To be fair, "linear regression" is standard statistics 101 that much predates machine learning or computers.
A user-provided argument could also be an input parameter or a regular function parameter altogether.

Yes, hyperparameters are often set by the user of a model, but more specifically they are parameters that exist separately from the data put into a model (input parameters) or the structure inside of neural networks (hidden parameters). Hyper- meaning above, helps conceptualize these parameters as existing outside the model.

Actually, backpropagation is more of a fancy word for the chain rule.
ALMOST like using the chain rule

Backpropagation ≠ Chain Rule: https://theorydish.blog/2021/12/16/backpropagation-≠-chain-r...

That's just nitpicking, but ok: backpropagation is the application of the chain rule for total derivatives.

Look into forward- vs reverse-mode automatic differentiation, and you'll understand what I'm referring to.

Yes, backpropagation isn't the chain rule itself, but just an efficient way to calculate the chain rule. (In this respect there are some connections to dynamic programming, where you find the most efficient order of recursive computations to arrive at the solution).
I think of it as: computing the chain rule in the order such that we never need to compute Jacobians explicitly; only Jacobian-vector products.

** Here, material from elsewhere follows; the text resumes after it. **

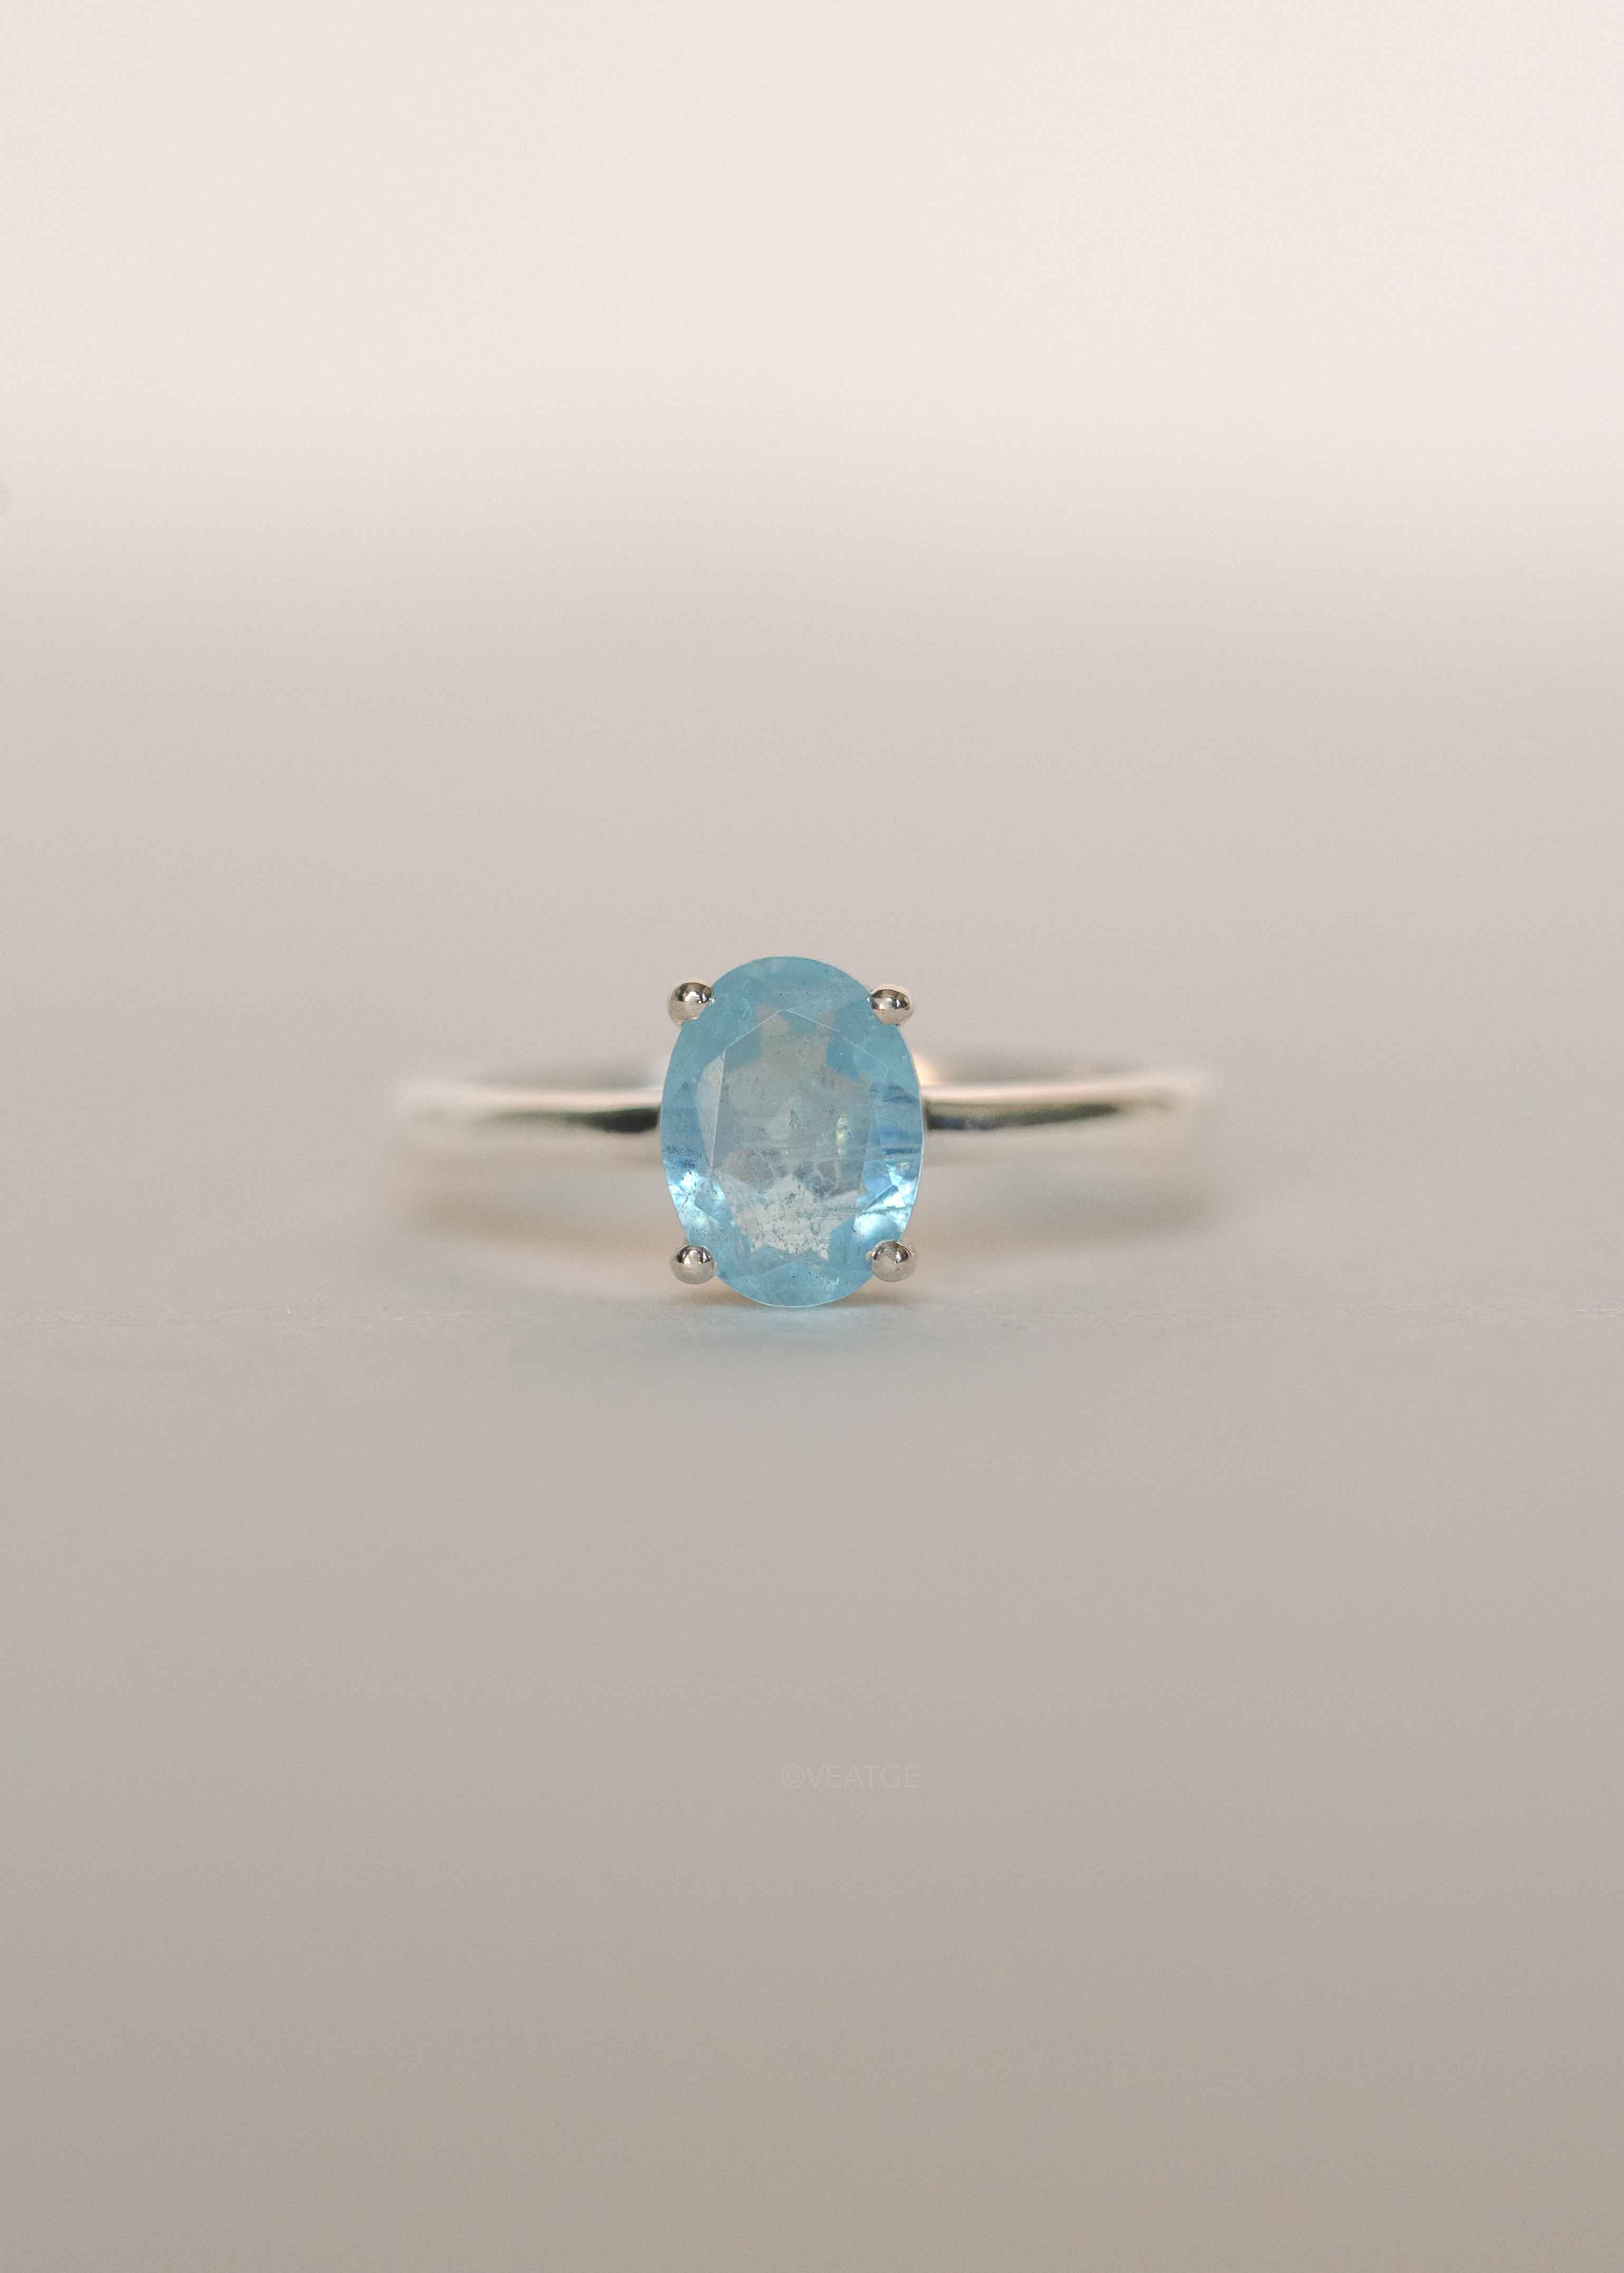 Aquamarine Gemstone March Birthstone Ring for Women Genuine Natural Gifts

I also didn't totally grasp its significance until implementing neural networks from matrix/array operations in NumPy. I hope all deep learning courses include this exercise.

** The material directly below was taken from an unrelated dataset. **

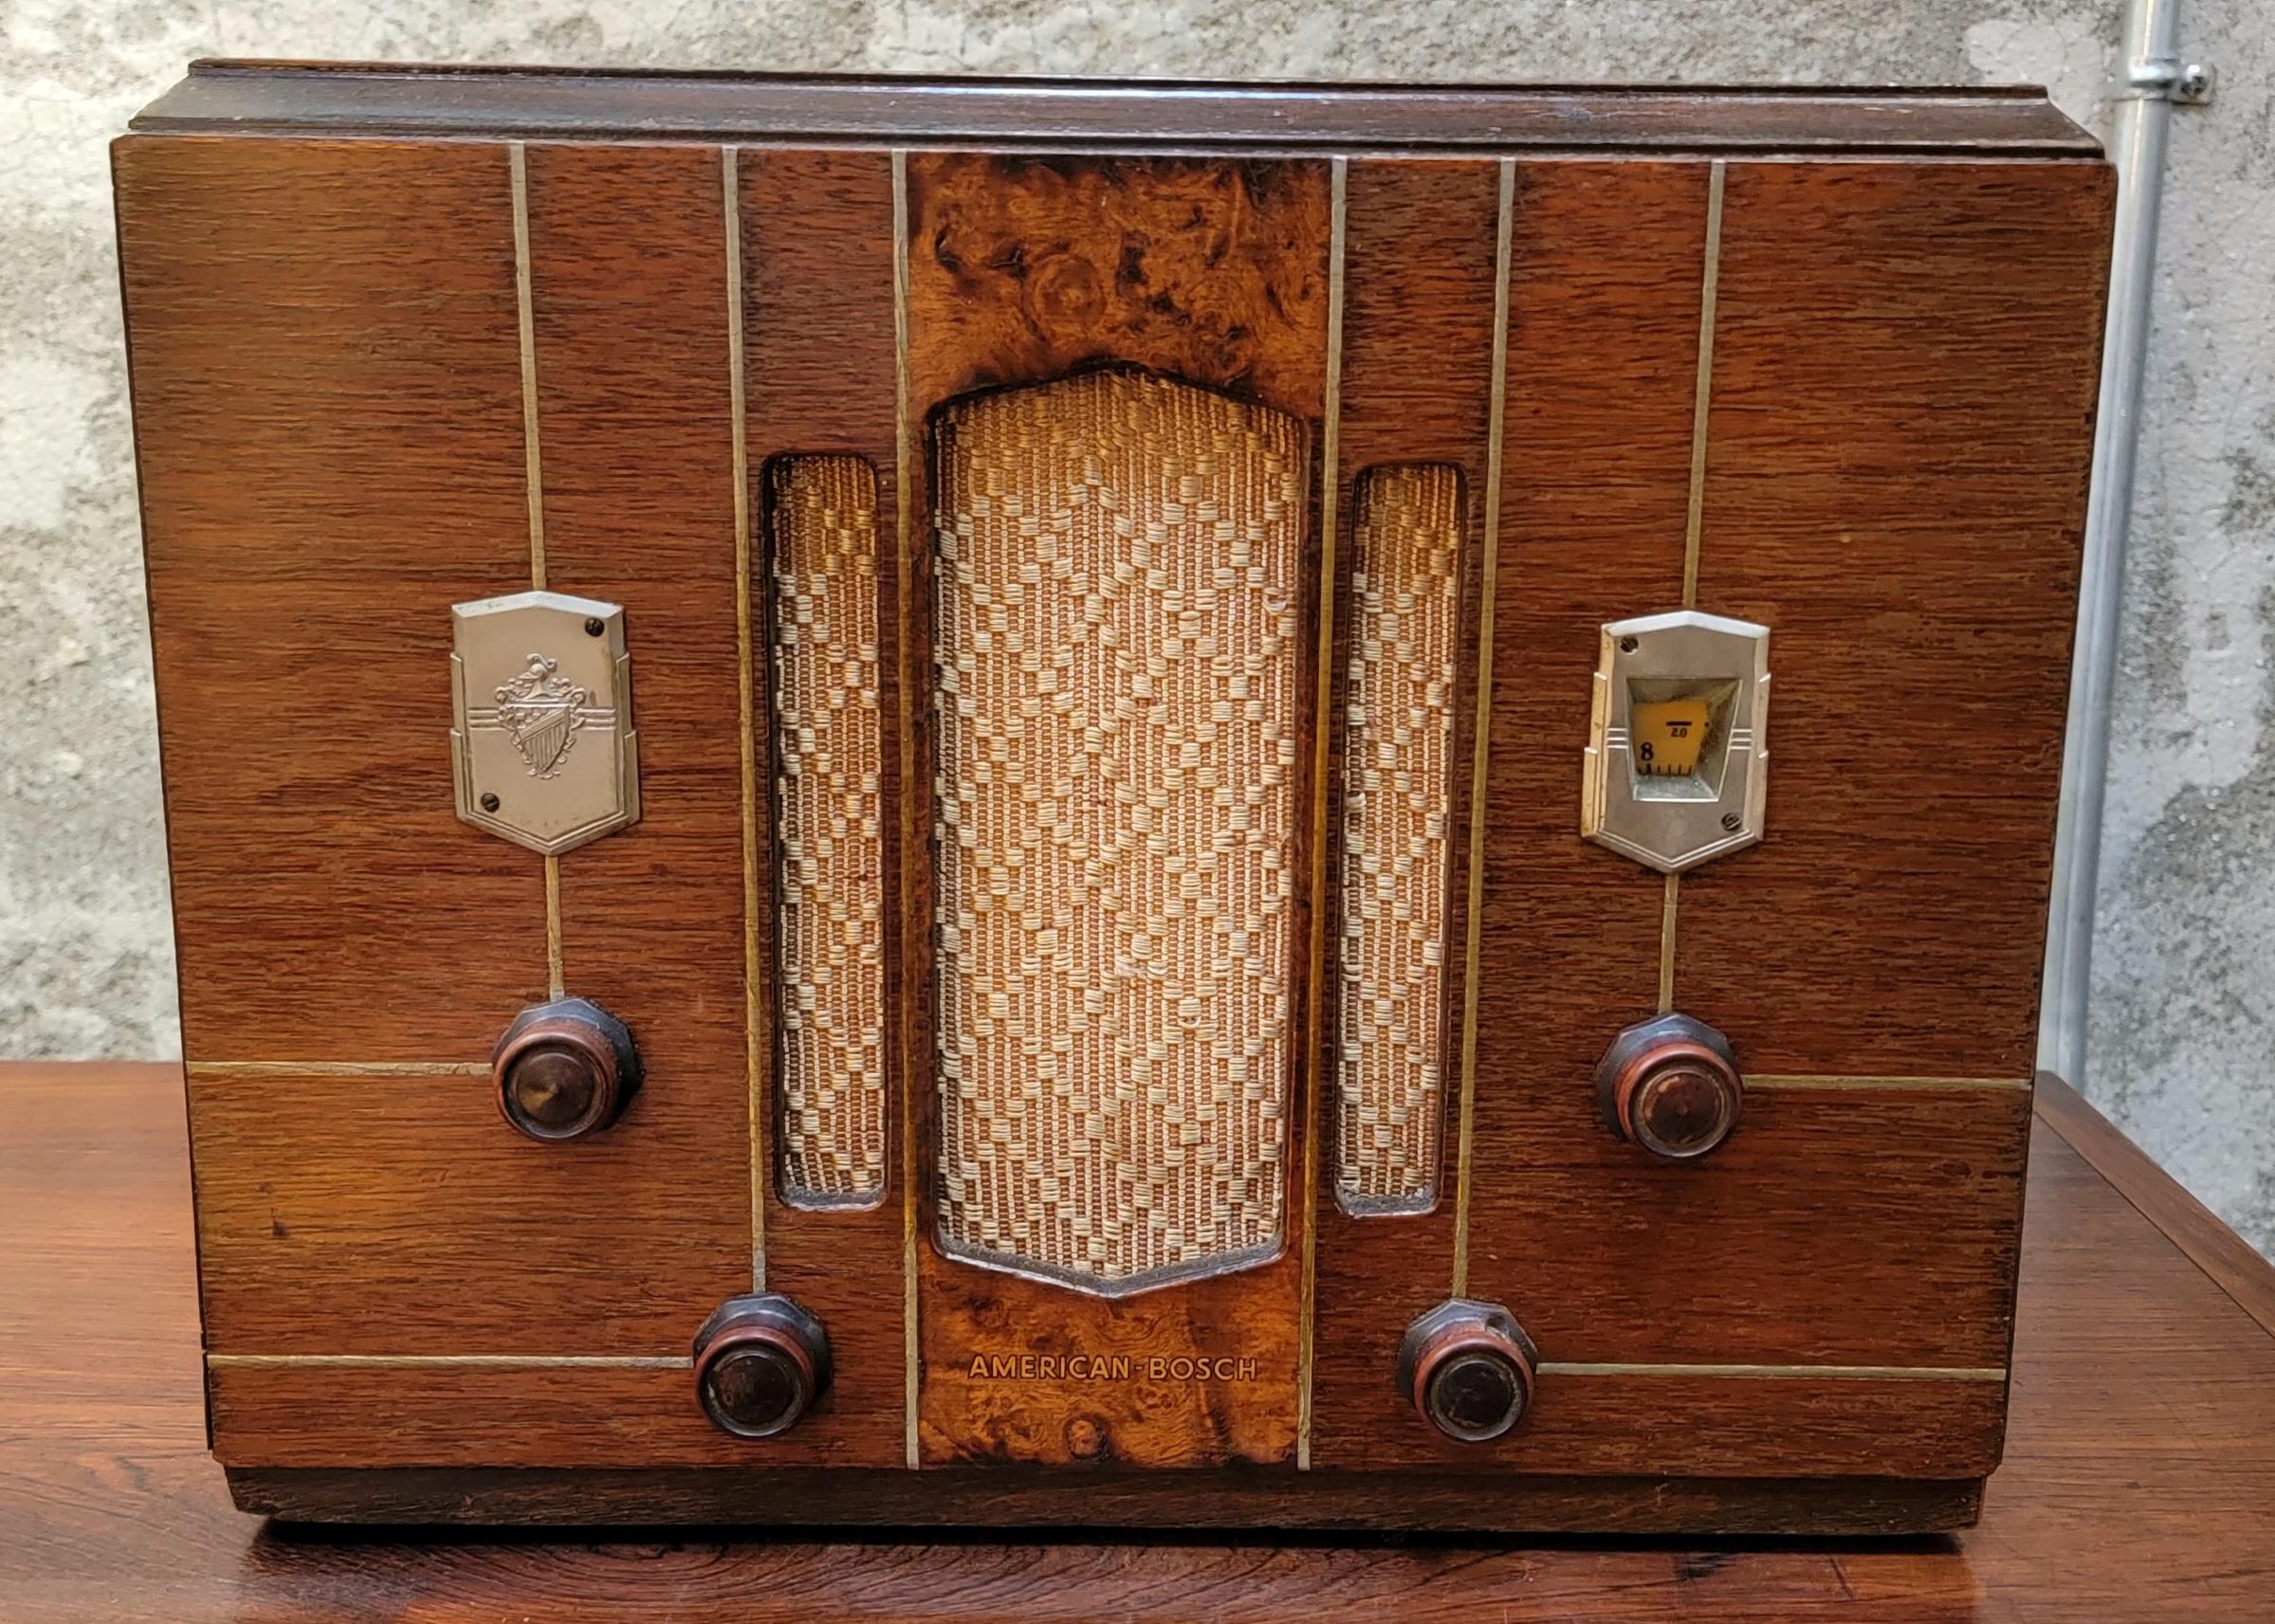 Classic Art Deco AM radio by United American Bosch (Magnito Corporation) Springfield Mass. circa. 1935. Restored to original working condition.

Yes, they are not the same. The chain rule is what solves the one non-trivial problem with backpropagation. Besides that, it's just the quite obvious idea of changing the weights in proportion to how impactful they are on the error.
Is that why it took long? I was under the impression it was because of diminishing gradients in backprop once you stack a huge amount of layers (the deep in deep neural networks).
Could you please forward me to a resource that explains this connection?
The reverse mode has famously been re-discovered (or re-applied) many times, for example as backpropagation in ML, and as AAD in finance (to compute "Greeks", ie partial derivatives of the value of a product wrt many inputs).

A few resources here:

An overview, with a bias towards finance: https://informaconnect.com/a-brief-introduction-to-automatic...

On the history: Andreas Griewank, Who Invented the Reverse Mode of Differentiation? https://ftp.gwdg.de/pub/misc/EMIS/journals/DMJDMV/vol-ismp/5...

On the history of back propagation: https://en.wikipedia.org/wiki/Backpropagation#History

The article that introduced it to finance: Michael Giles and Paul Glasserman, Smoking adjoints: fast Monte Carlo Greeks https://www0.gsb.columbia.edu/faculty/pglasserman/Other/Risk...

Survey of the application in finance: Cristian Homescu, Adjoints and Automatic (Algorithmic) Differentiation in Computational Finance https://papers.ssrn.com/sol3/papers.cfm?abstract_id=1828503

It was in one of the fast.ai courses, I think where Jeremy did back propagation using Excel

https://www.fast.ai/

Could be that someone else here remember the exact video

Hope you don't mind me plugging my blog post, that covers chain rule -> autodiff -> training of nn. https://sidsite.com/posts/autodiff/
Absolutely not. Thank you for sharing.